Should I worry about his frequent yawning?


----------



## dressagebelle (May 13, 2009)

Sometimes yawning is just a way for them to take things in, not in reaction to stress, but just relaxing and thinking things over. Also sometimes some horses are just so relaxed, and comfortable, that they yawn, and fall half asleep no matter what's going on. Unless he really shows other signs of pain, or anxiety, nervousness etc., I wouldn't be too worried. 
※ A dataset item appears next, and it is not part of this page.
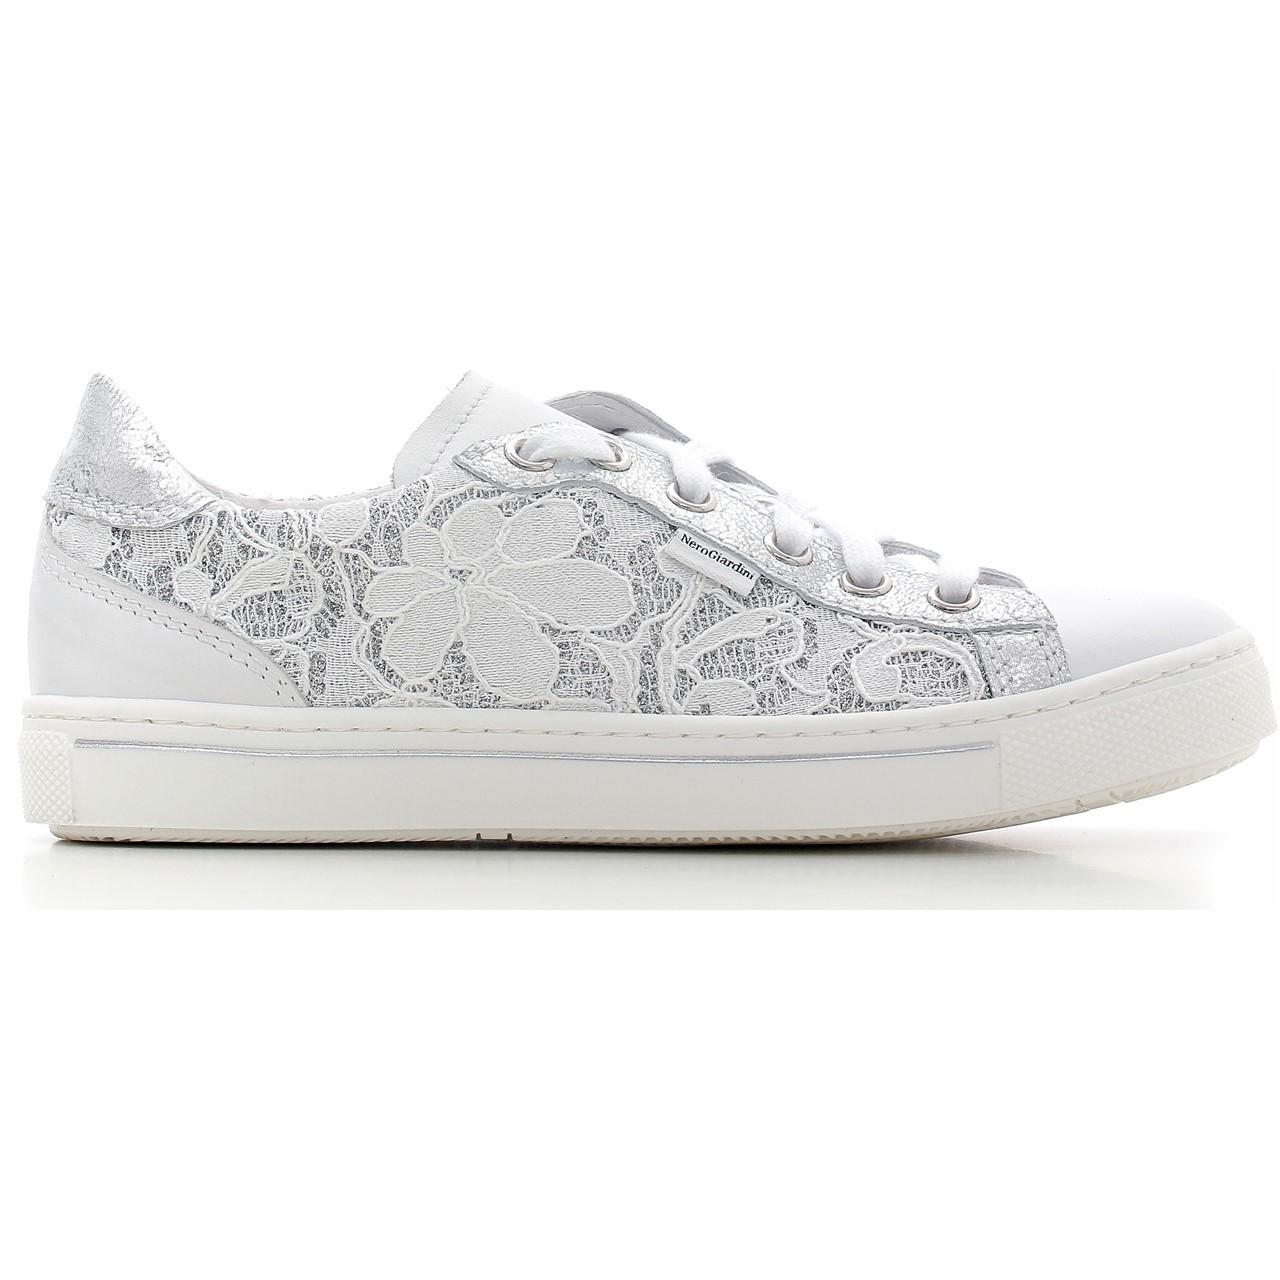 conception de la variété chaussures classiques magasiner pour l'original nouvelle adidas avec dentelle,chaussure adidas dentelle ...

If you feel really concerned, next time you talk to your vet, or trainer, maybe just bring it up with them. The girthiness seems like maybe a learned behavior at this point, that for some reason something about the cross ties reminds him of some bad experience or something, as that's the only time he has a problem. He sounds like he's just one relaxed guy.


----------



## Cherrij (Jan 30, 2013)

I wouldn't worry. My friend's horse I rode for a while used to yawn before the ride and after the ride.
My horse yawns after his lunge sessions, whenever he feels like it, after a grooming session.. he just yawns a lot 

I see it as a sign of relaxation... he feels safe, secure, calm, relaxed.. mine can yawn even 6-8 times in a row after a grooming session... 10 minutes after put back in the pasture after lunge he will yawn too...


----------



## shellybean (Dec 28, 2012)

Thank goodness lol. I always thought of it as a sign of relaxation because he always seems so relaxed when he yawns. But I was looking through photos on my phone and I had probably like 15-20 and was like hmmmm, is it normal for him to yawn this much? And my friend said the other day "awh! he yawns soooooo much lol hes so cute!" So I started to look into it...I guess its just his little quirk


----------



## Ashkat128 (Nov 4, 2013)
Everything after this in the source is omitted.